Sull’anniversario dei due anni dall’invasione russa in Ucraina non dovrei scrivere nulla, sia per coerenza con quanto ho sempre sostenuto (la tragedia non è iniziata il 24 febbraio 2022), sia perché dopo due anni non vedo fatti sorprendenti da commentare in Ucraina rispetto a quanto succede altrove.

Semmai merita una riflessione l’anniversario dei trent’anni (dal 1994) di destabilizzazione in Europa e allargamento della Nato ai danni della sicurezza russa, dei vent’anni di guerra di sovversione (dal 2004) da parte degli Stati Uniti in Ucraina e dei dieci anni (dal 2014) di guerra di repressione ucraina nei confronti dei suoi stessi cittadini russofoni.

In questa prospettiva, la spedizione militare russa in territorio ucraino del 2022 appare per quello che veramente è stata e non per ciò che a essa è stato attribuito da chi voleva e ancora vuole la guerra in Europa contro la Russia e contro la stessa Europa.

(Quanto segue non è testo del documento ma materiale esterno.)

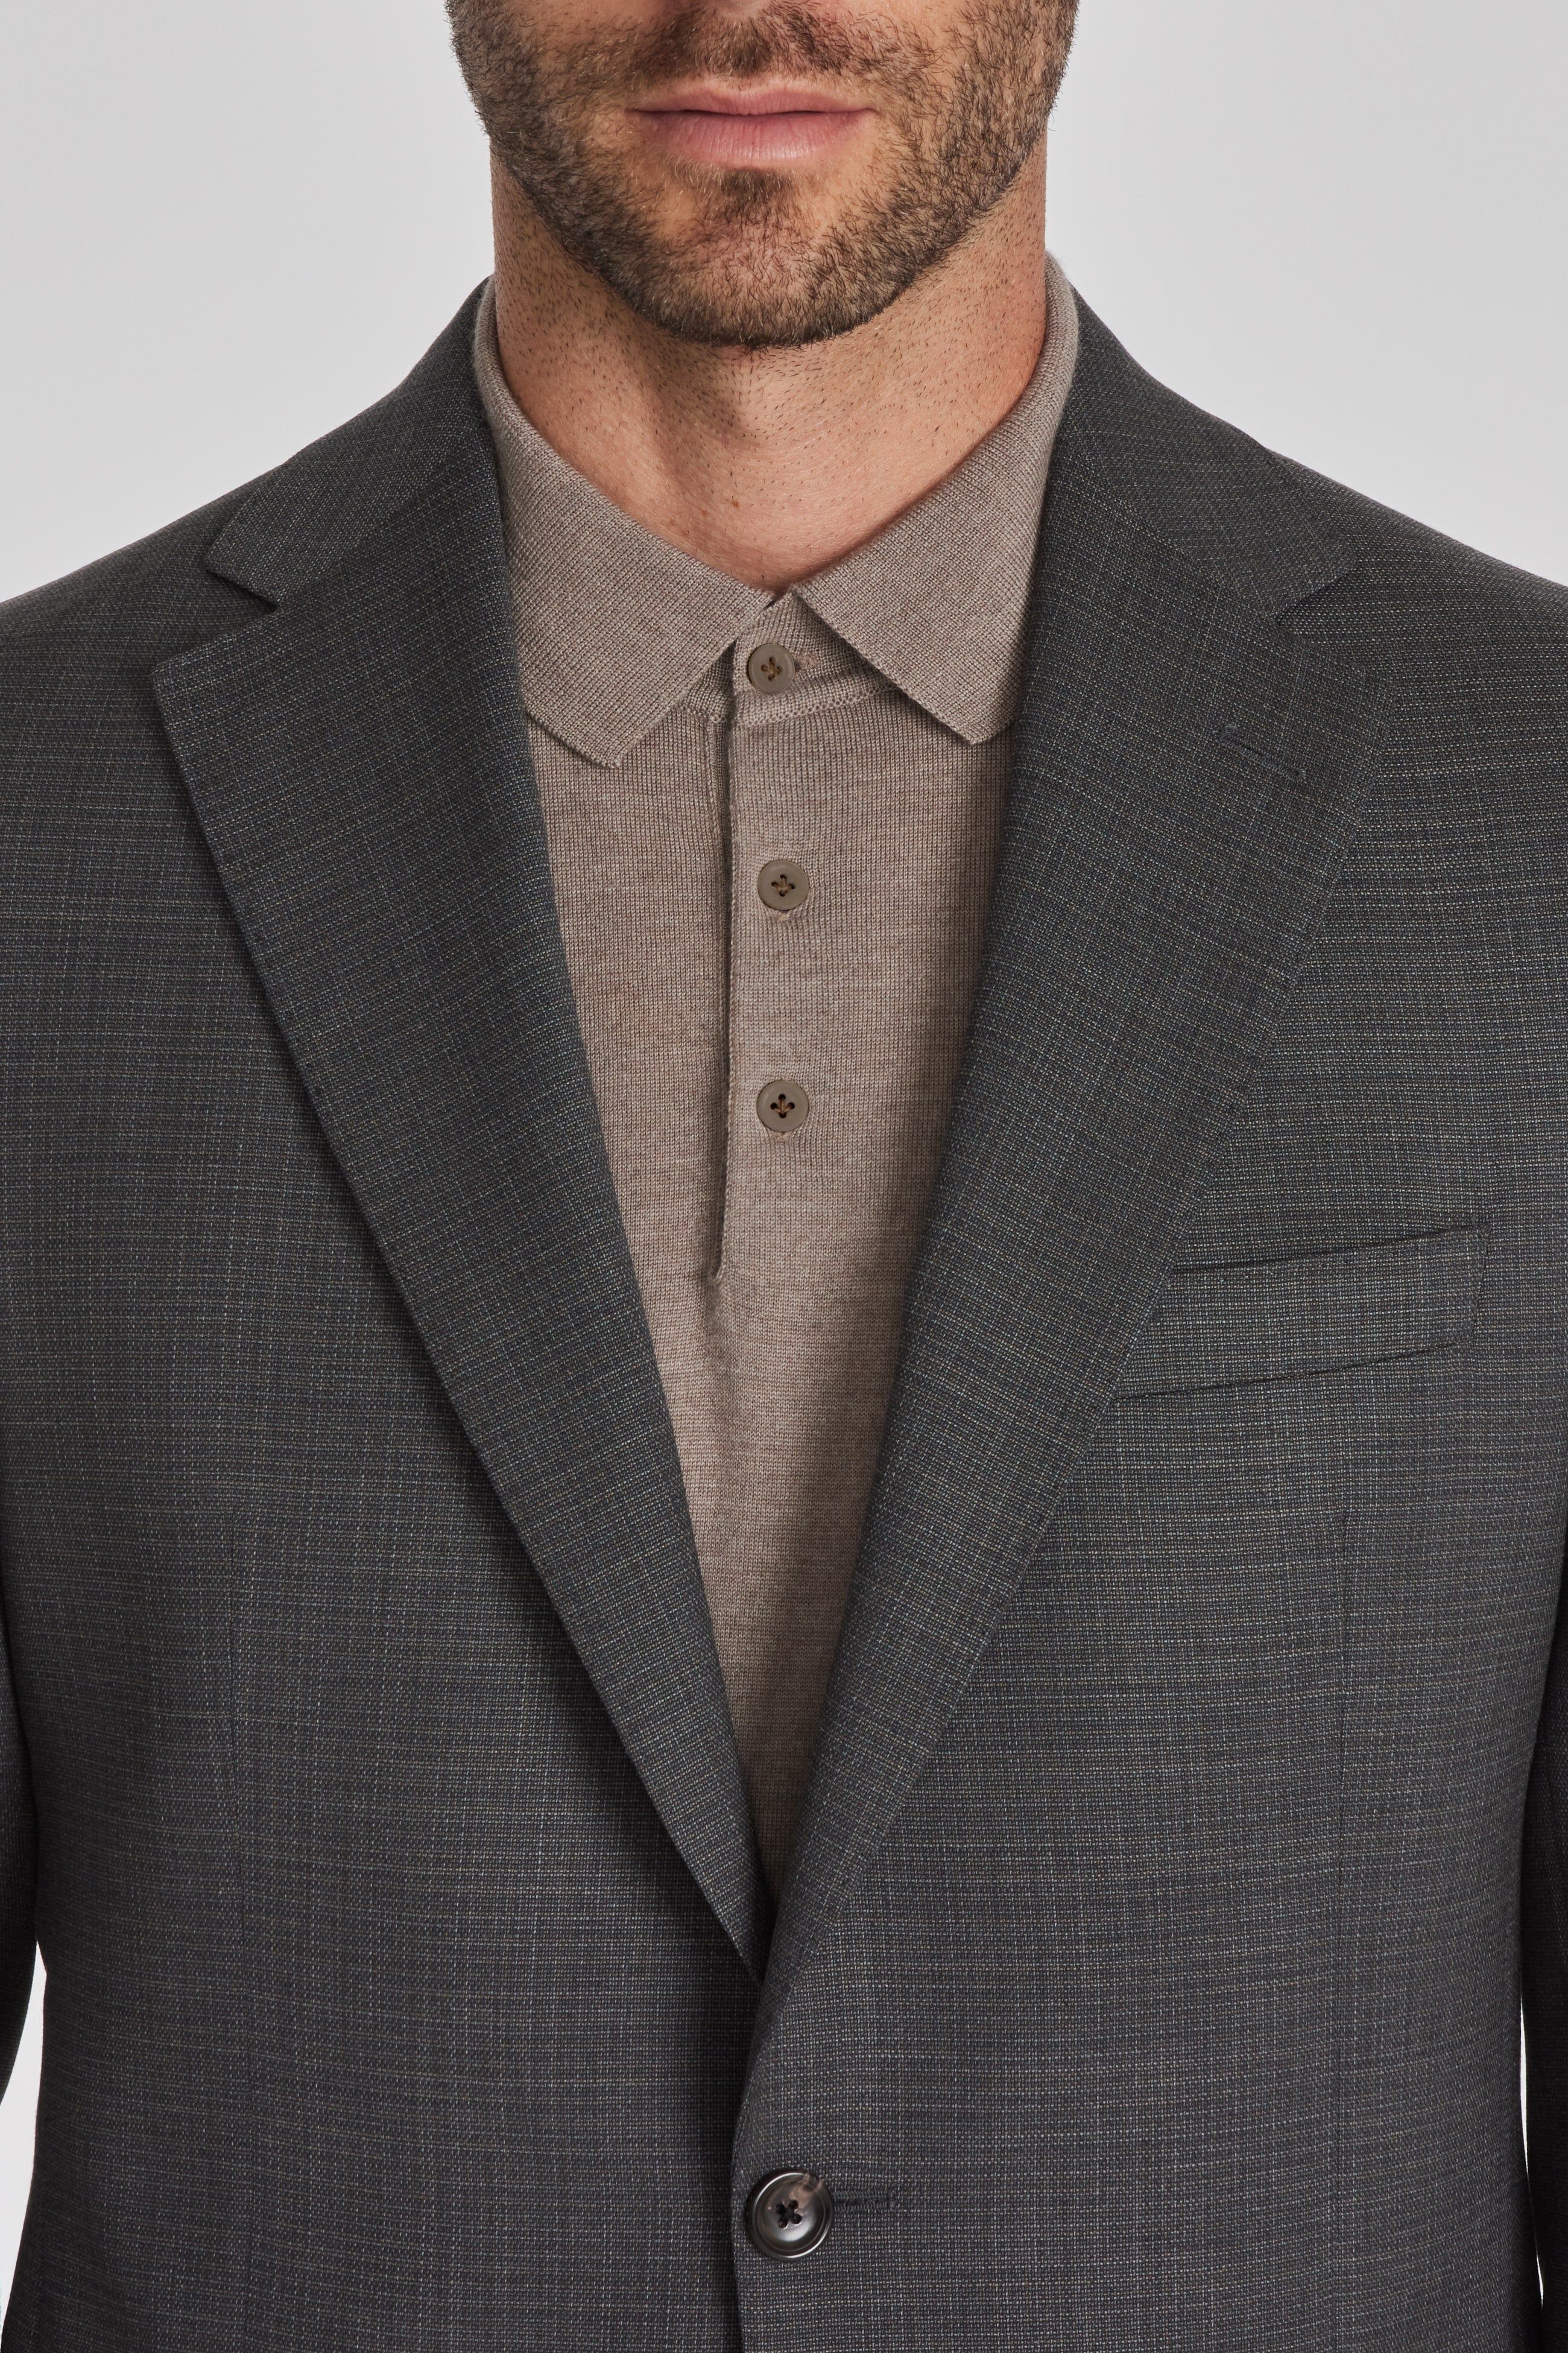 Esprit Charcoal Micro Pattern Super 120's Wool Stretch Suit

Non è stata un’invasione full scale (totale), unmotivated (immotivata), unprovoked (non provocata), illegal (illegale) e nemmeno criminal (criminale) come ci viene propinato. È stata una delle possibili risposte alla guerra voluta, preparata e sostenuta esattamente da chi la definisce con tali espressioni.

Di fronte a un regime ucraino che con i presidenti Yuschenko, Turcynov e Poroshenko era palesemente nazista e antirusso, e con quello di Zelensky pronto a subire i diktat dell’estrema destra sostenuta dagli Stati Uniti e dall’Europa, la Russia aveva già lanciato chiari messaggi.

Per le vie diplomatiche aveva espresso le preoccupazioni per l’espansione della Nato e per le vie militari aveva indicato i limiti di tolleranza per la propria sicurezza in Georgia (2008) e in Donbass e Crimea (2014).

La Russia poteva evitare l’invasione concordando con l’ucraina, l’Europa e gli Stati Uniti le garanzie per i cittadini russofoni e la neutralità dell’ucraina. In effetti aveva formulato proposte in tal senso ben prima dell’invasione ricevendo sprezzanti risposte negative proprio mentre Ucraina e Stati Uniti dal 2021 stavano pianificando il conflitto in Crimea e l’ingresso dell’ucraina nella Nato per impedire o provocare le reazioni russe.

Era chiaro che l’ingresso nella Nato dell’ucraina andava oltre la semplice diatriba per la Crimea e il Donbass. Lo schieramento delle armi occidentali ai confini della Russia azzerava il tempo di preavviso per la sua difesa e avrebbe innescato la sola guerra possibile: quella nucleare e preventiva in Europa.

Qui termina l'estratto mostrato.